Linda Manz and Dennis Hopper in Out of the Blue |
Cast: Linda Manz, Dennis Hopper, Sharon Farrell, Don Gordon, Raymond Burr, Leon Eriksen, Fiona Brody, David L. Crowley, Joan Hoffman, Carl Nelson. Screenplay: Leonard Yakir, Brenda Nelson. Cinematography: Marc Champion. Production design: Leon Eriksen. Film editing: Doris Dyck. Music: Tom Lavin.

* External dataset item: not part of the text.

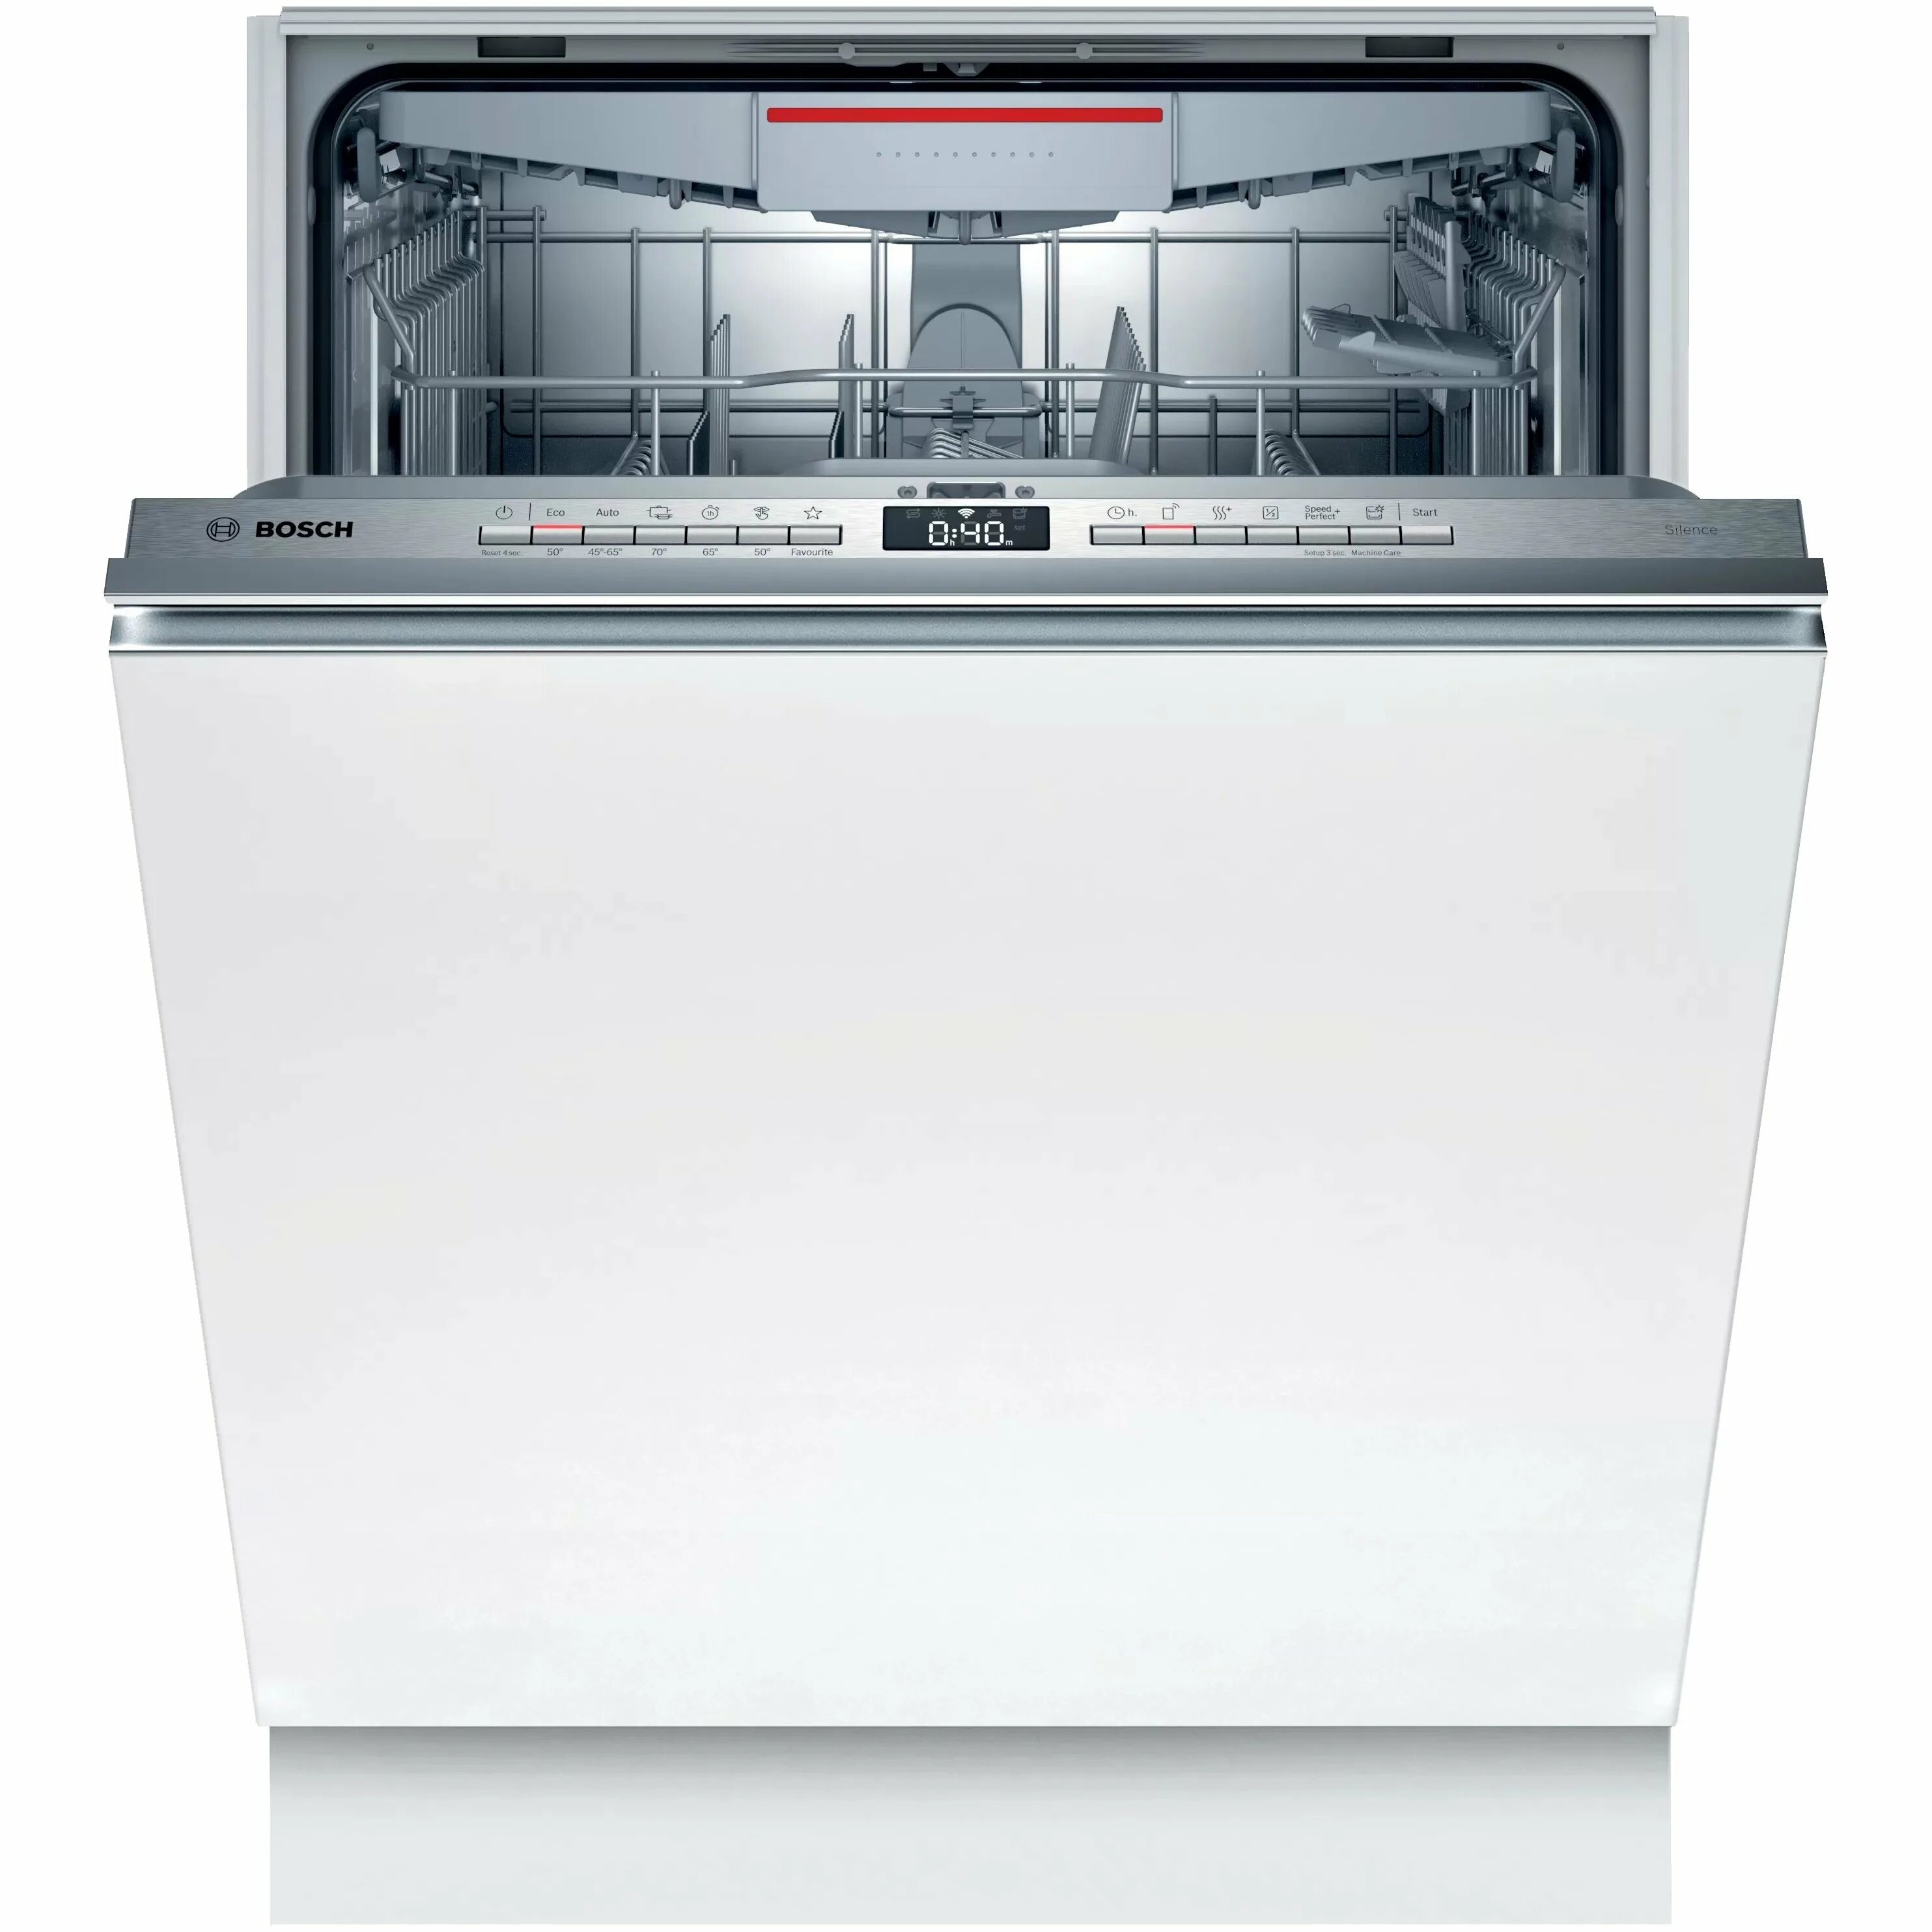 Лучшие посудомоечные машины отзывы покупателей. Bosch spv6hmx1mr. Встраиваемая посудомоечная машина Bosch spv2ikx10e. Посудомоечная машина Bosch spv2imy2er. Встраиваемая посудомоечная машина 60 см Bosch serie|4 sgv4hmx3fr.

You'd think that a film that begins with a truck barreling into a school bus full of kids couldn't get any worse. Out of the Blue does. The unpleasantness has only begun for the driver of the truck, Don (Dennis Hopper); his wife, Kathy (Sharon Farrell); and their daughter, Cindy (Linda Manz), known as Cebe -- short for "citizens' band," as in radio. Don goes to prison, Kathy is a heroin addict, and Cebe, in her early teens, does whatever she wants, which includes idolizing Elvis Presley and Sid Vicious, running away from home, and loving her father until she confronts the truth about him. The truth is not pretty. Despite the efforts of a child psychologist, Dr. Brean (Raymond Burr), to rescue Cebe from her dysfunctional parents and aimless life, the outcome is bleak. In the original script, Dr. Brean played a more positive role in Cebe's life, but when Hopper took over as director he was of a different mind. Let's just say that this is a painful, harrowing movie with some gritty performances and a grim determination to face the unpleasant fact that some lives are doomed. Is it a good film? Well, some films transcend such questions, and Out of the Blue is one of them.